Kasaba meydanı, katedraller, evler, mozaik duvarlar, hepsi sanki bir gerçek Avrupa kasabası havasında. Kurgusal Baltase kasabası adeta Güney İspanya/Portekiz ticaret yolu kasabalarındaki pastoral görünümünde. Ama bir o kadar da masalların tadından da uzaklaşılmıyor. Ve yine klasik masal anlatılarında yer alan insan/doğa/hayvan sevgisinin de alt mesaj olarak sunulmasında. Özellikle karakterlerin ve tabi ki filin gerçeğe yakın olarak ve duygularını görmeyi sağlayan bir teknikle verilmesi yani durgunluğun ve aksiyonun dengeli sunumu oldukça başarılı. Bu hissi vermede Wendy Rogers’in kadın duyarlılığının izlerinin ve uzun süre animasyon tekniği üzerine çalışılmış olmasının da payı var muhakkak…

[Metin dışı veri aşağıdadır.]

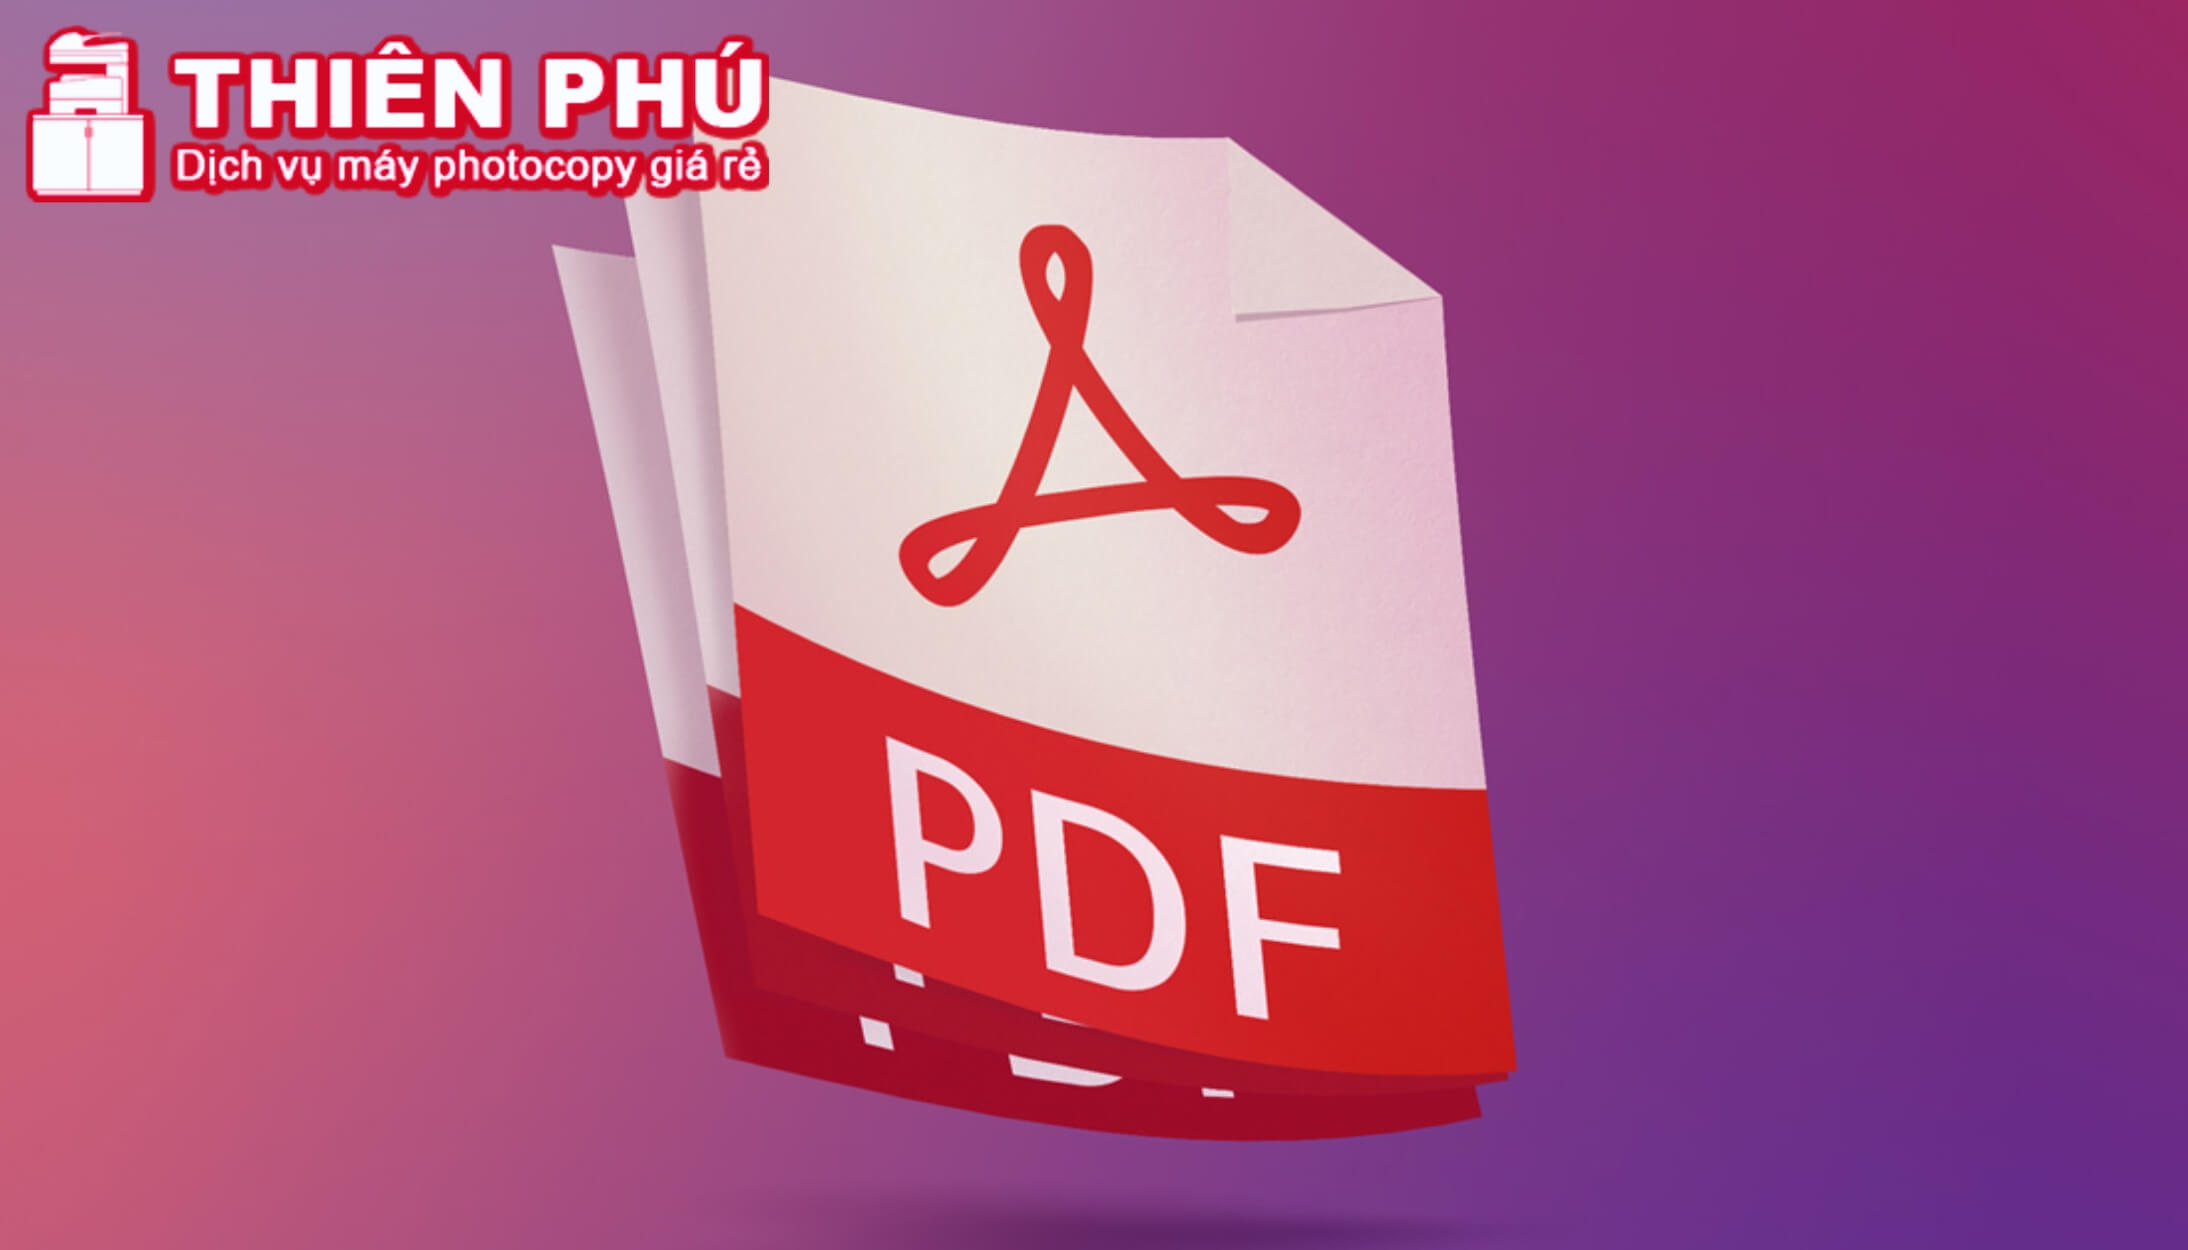 In file PDF bị chậm do đồ họa của file

Netflix’de yeni gösterime giren “Sihirbazın Fili”, son günlerde bu mecrada izlediğim en eli yüzü düzgün yapımlardan. Üstelik sadece çocuklara değil büyüklere de hitap eden, sürükleyici ve naif bir anlatım diline sahip. İzleyenler eminim iki çocuğun talihsiz başlayan hayat yolculuklarının mutlu sonunu, son dönem gittikçe dili sertleşen animasyon yapımlarının sert haline tezat bu masalsı havası eşliğinde izlemekten pişman olmayacaklardır… İyi seyirler…
Yönetmen : Wendy Rogers
Senaryo : Martin Heynes
Müzik : Mark Mothersbaugh
Dublaj Sanatçıları : Noah Jupe, Mandy Patınkın, Sian Clifford, Benedict Wong, Brian Tyree Henry, Natasia Demetriou, Pixie Davies, Dawn French, Aasif Mandvi
ABD / Animasyon-Macera-Fantastik-Aile / 103 Dk.